_Exercise goal_
Exactly reproduce the lines from the line bearing "IoT is booming the restaurant industry" through the end of the listing, inclusive of both; pictures are to be omitted.

_Source data_
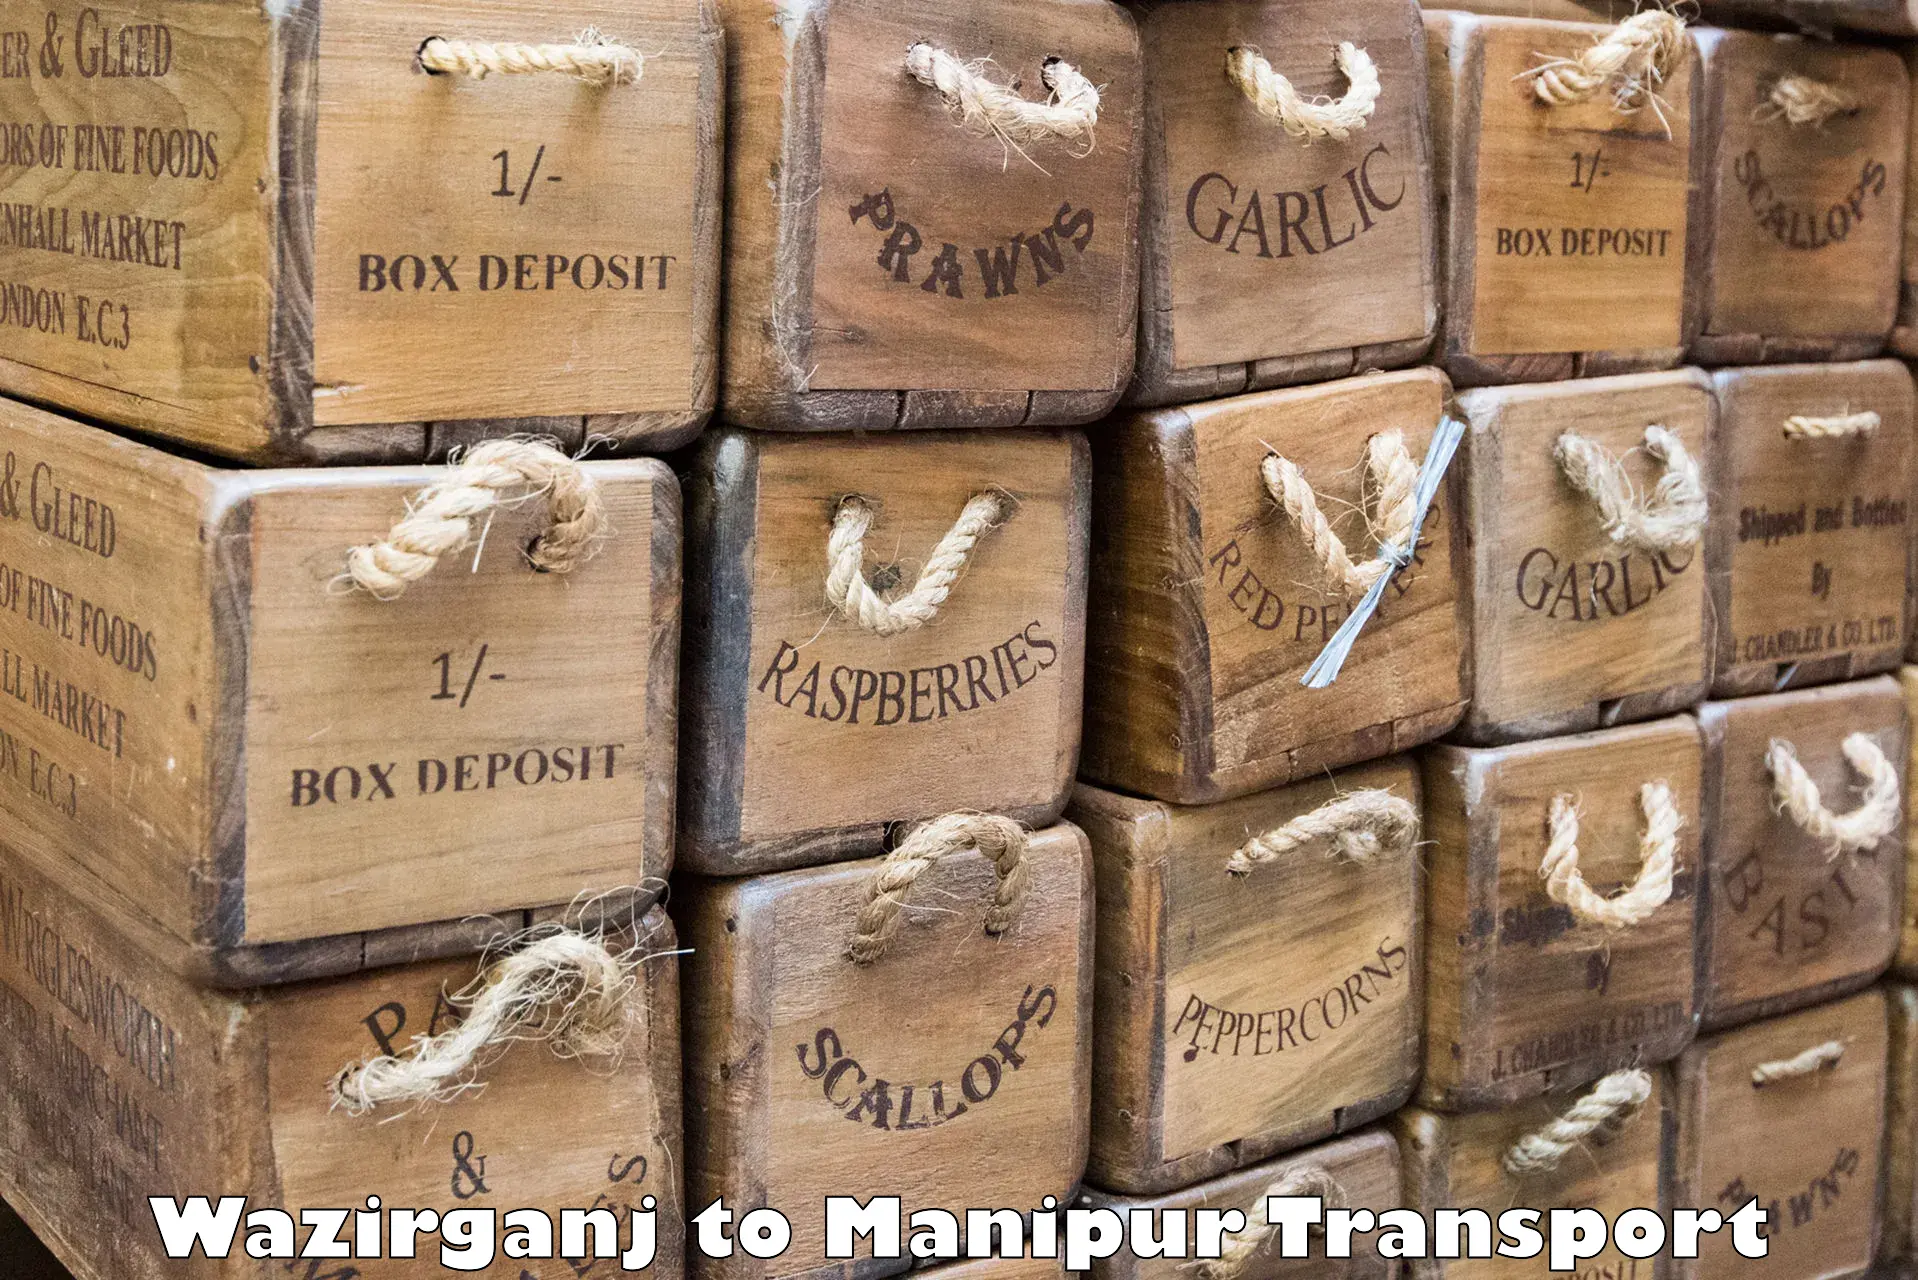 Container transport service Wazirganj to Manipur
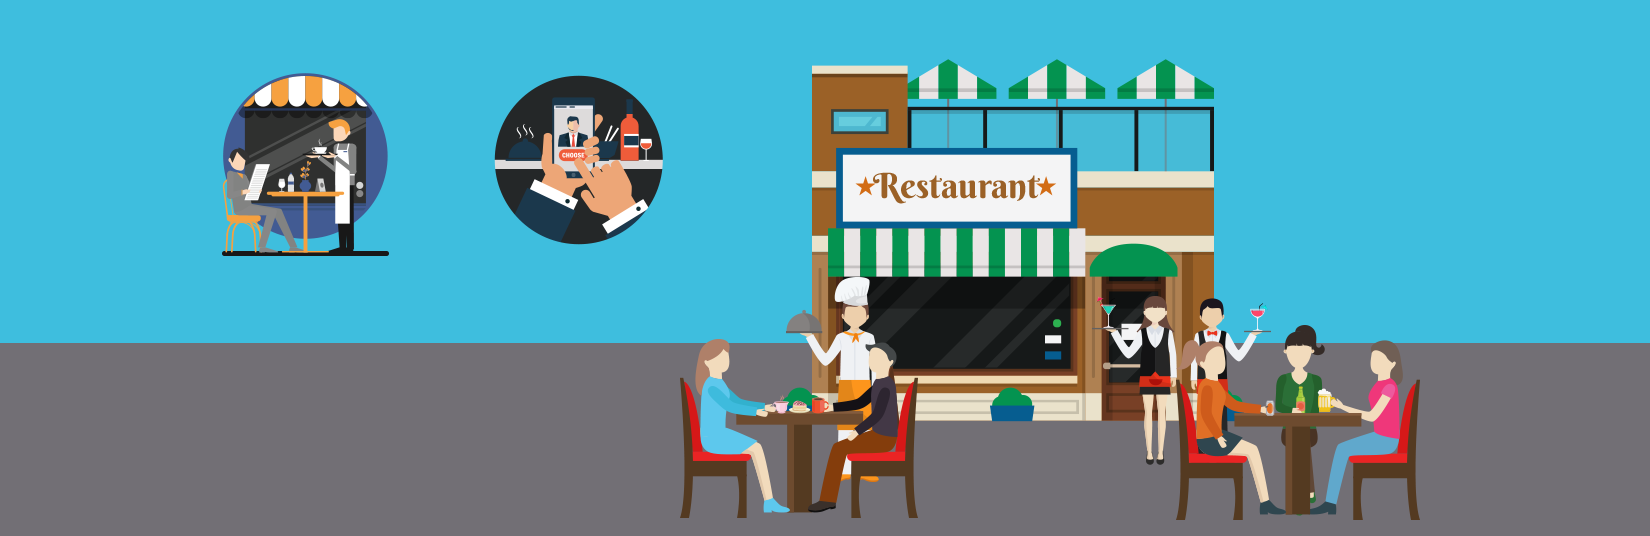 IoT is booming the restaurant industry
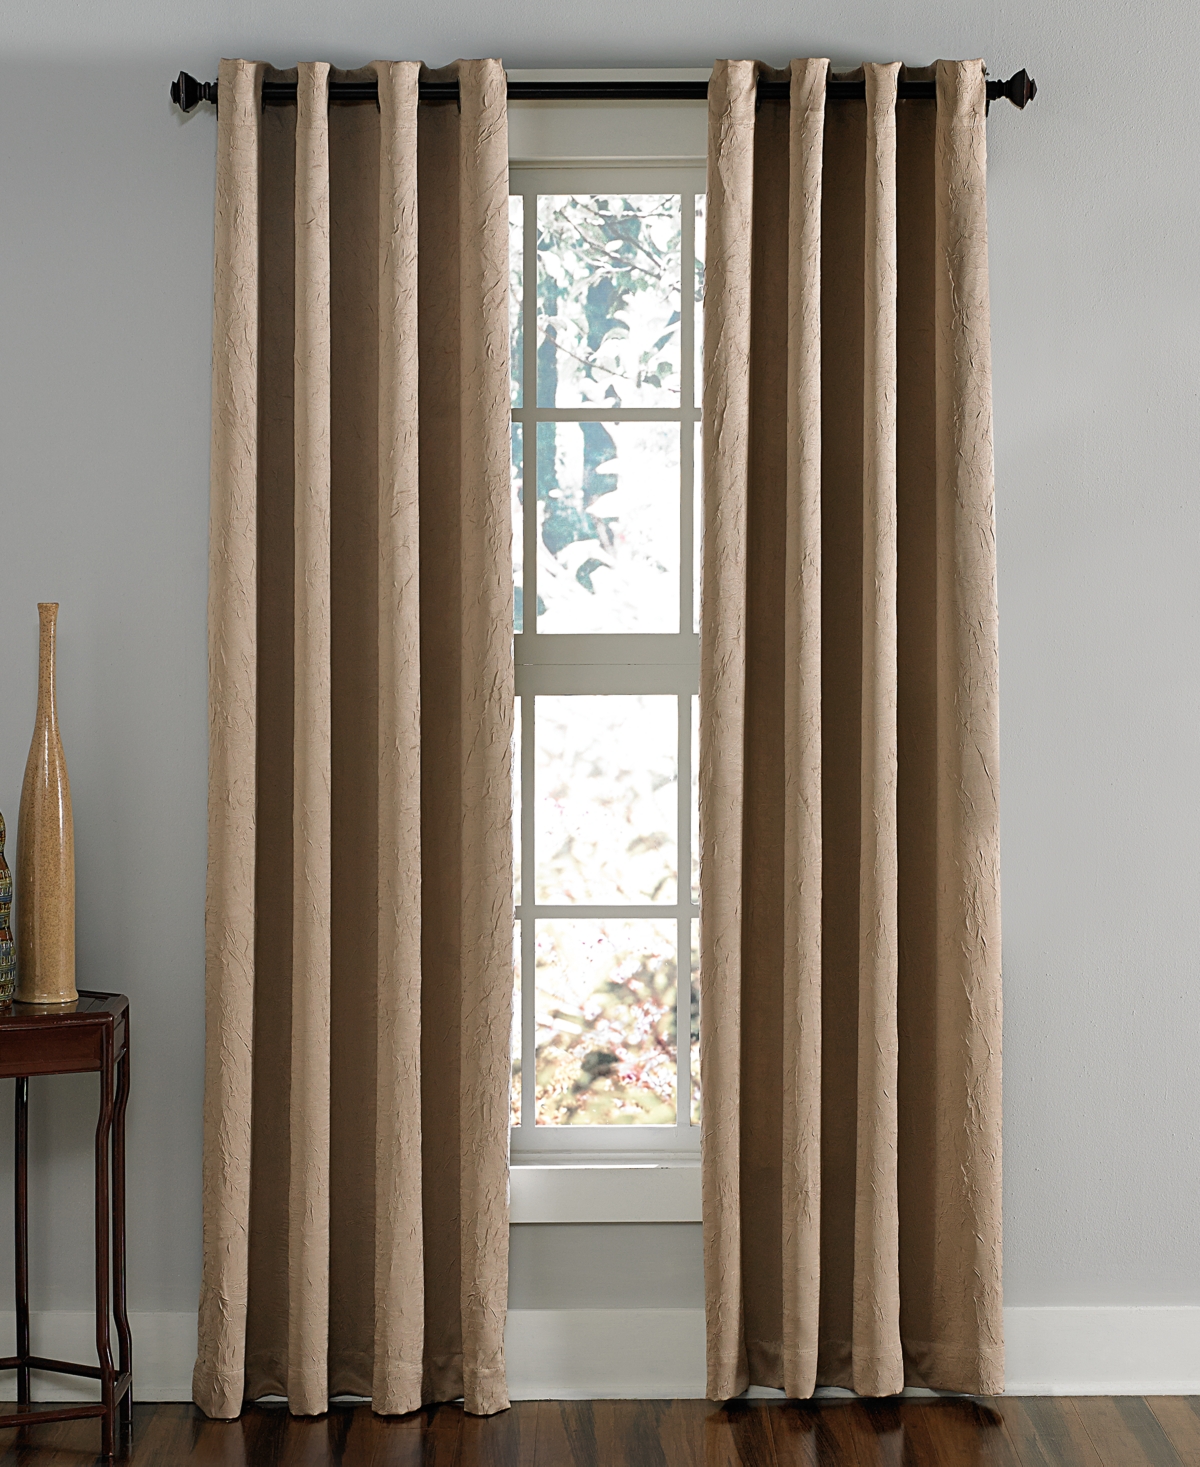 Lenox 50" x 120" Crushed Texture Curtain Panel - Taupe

_Result of the task_
 IoT is booming the restaurant industry
 Lenox 50" x 120" Crushed Texture Curtain Panel - Taupe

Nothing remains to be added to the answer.